Personal information
- Born: 6 February 1977 (age 49)
- Nationality: Norwegian
- Height: 175 cm (5 ft 9 in)
- Playing position: Right back, centre back

Club information
- Current club: Retired

Senior clubs
- Years: Team
- 1996–1997: Fjellhammer IL
- 1997–1998: ASPTT Metz
- 1998-2001: Ikast FS
- 2001-2005: KIF Kolding

National team
- Years: Team / Apps / (Gls)
- 1998–2000: Norway / 13 / (12)

Medal record
Representing Norway
Women's handball
European Championship
| Gold medal – first place | 1998 Netherlands | Team |

= Camilla Carstens =

Norwegian team handball player (born 1977)
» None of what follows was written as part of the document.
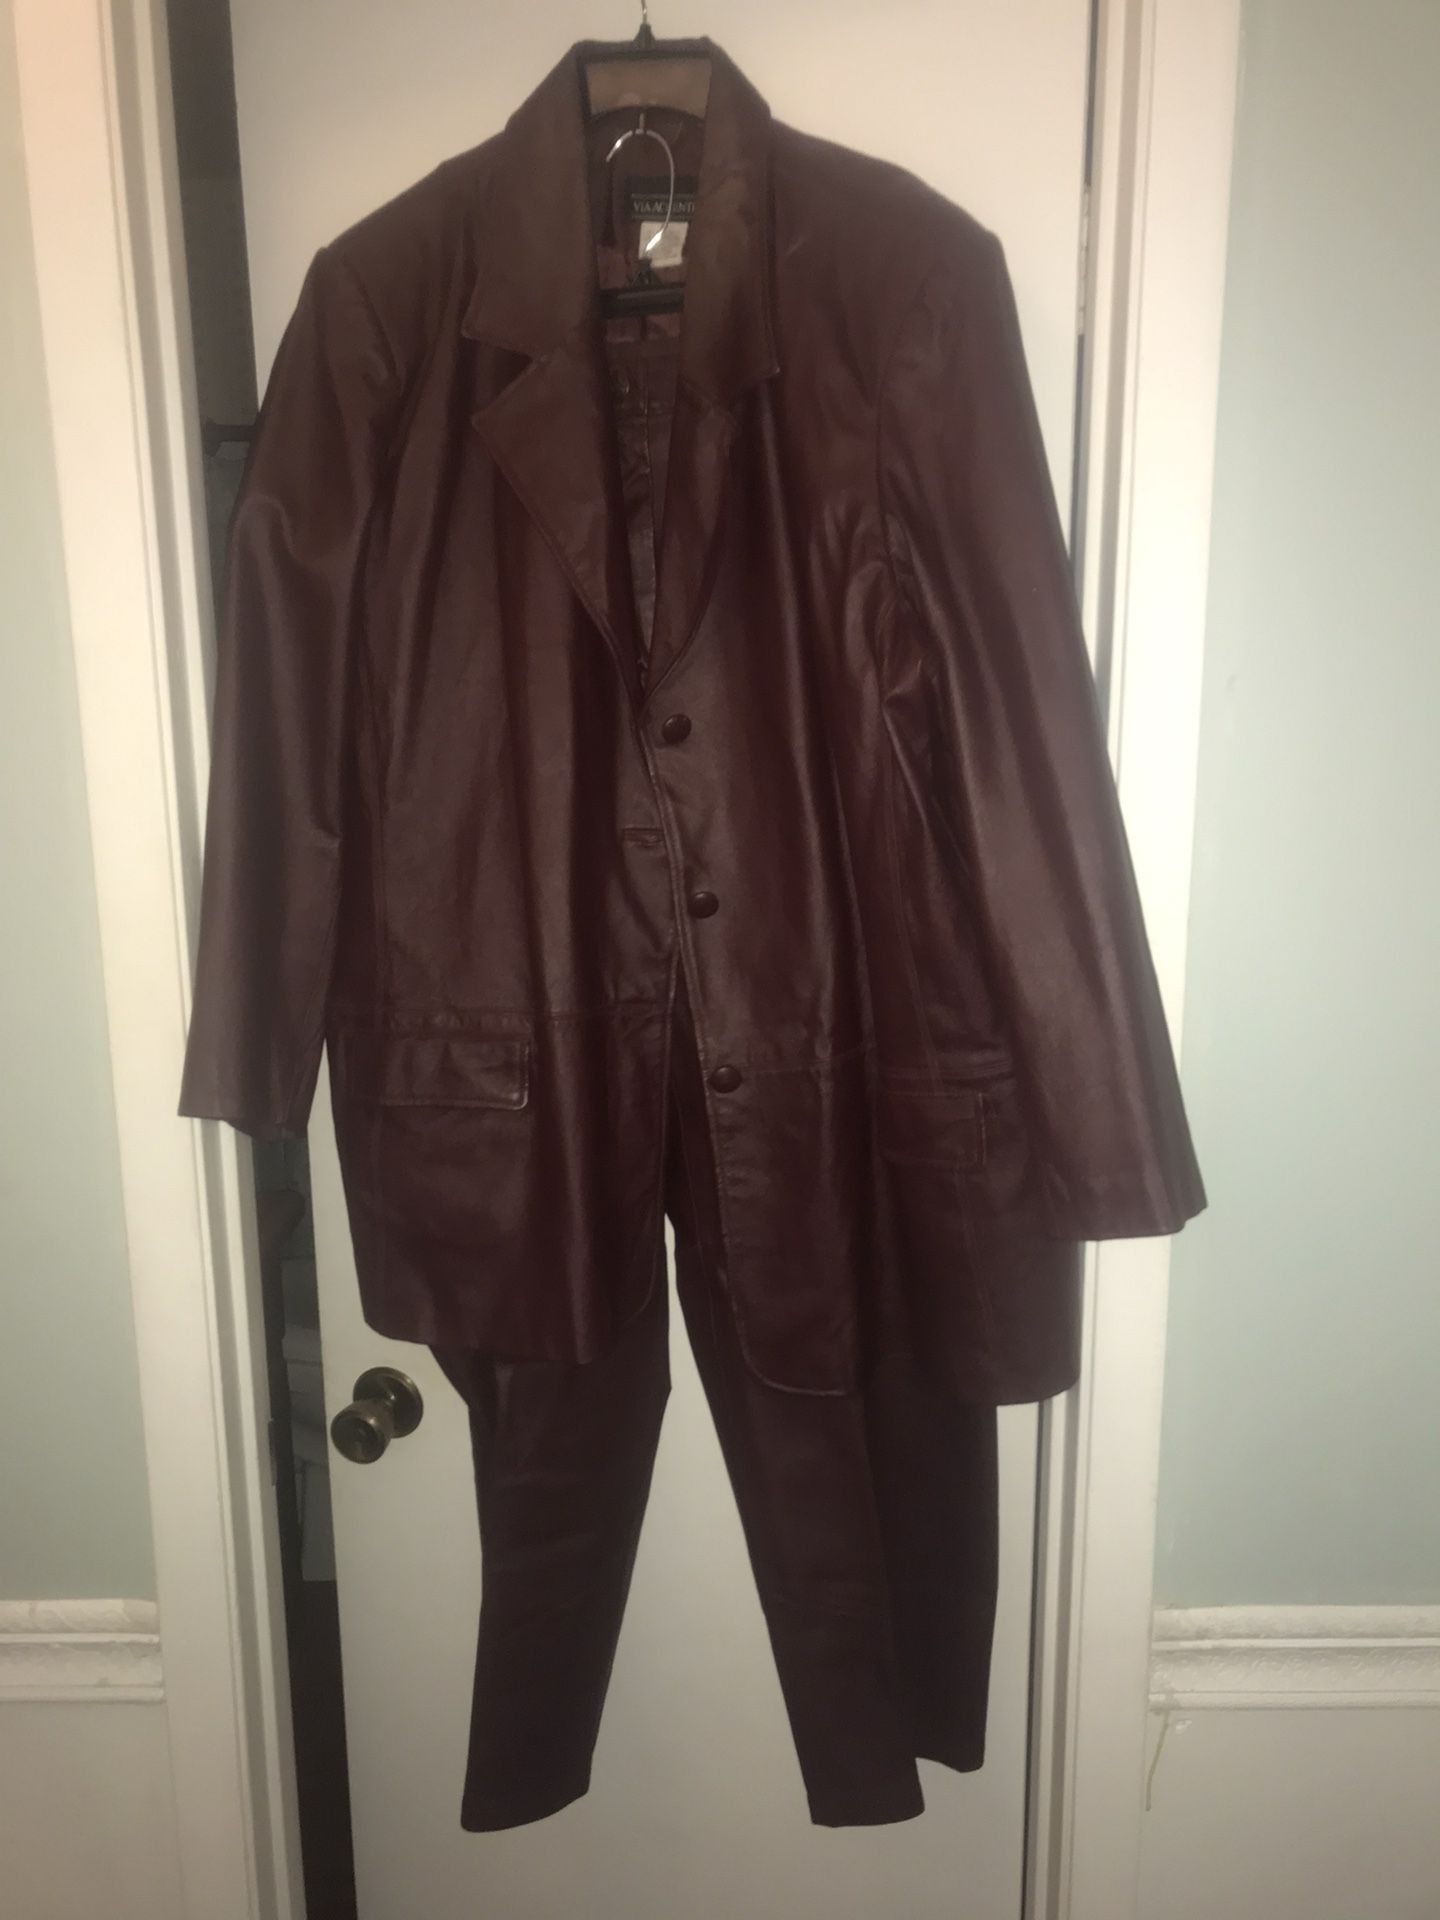 Via Accenti Burgundy Women Plus Size Genuine Leather Suit MSRP $360.00 J4 pant & B6 jacket. 2 piece suit.

Camilla Carstens (born 6 February 1977) is a Norwegian team handball player. She played for Fjellhammer IL, ASPTT Metz in France and the Danish clubs Ikast FS and KIF Kolding. She also played on the Norway women's national handball team. She became European champion with the Norwegian team in 1998. This was the first time Norway won that title.

Carstens made her debut on the national team in 1998 while playing for Metz Handball. She played 13 matches and scored 12 goals for the Norwegian national handball team between 1998 and 2000.

While playing for Ikast FS she grew tired of playing as a right back and switched clubs to KIF Kolding to be able to play as a centre back. Here she played until 2005.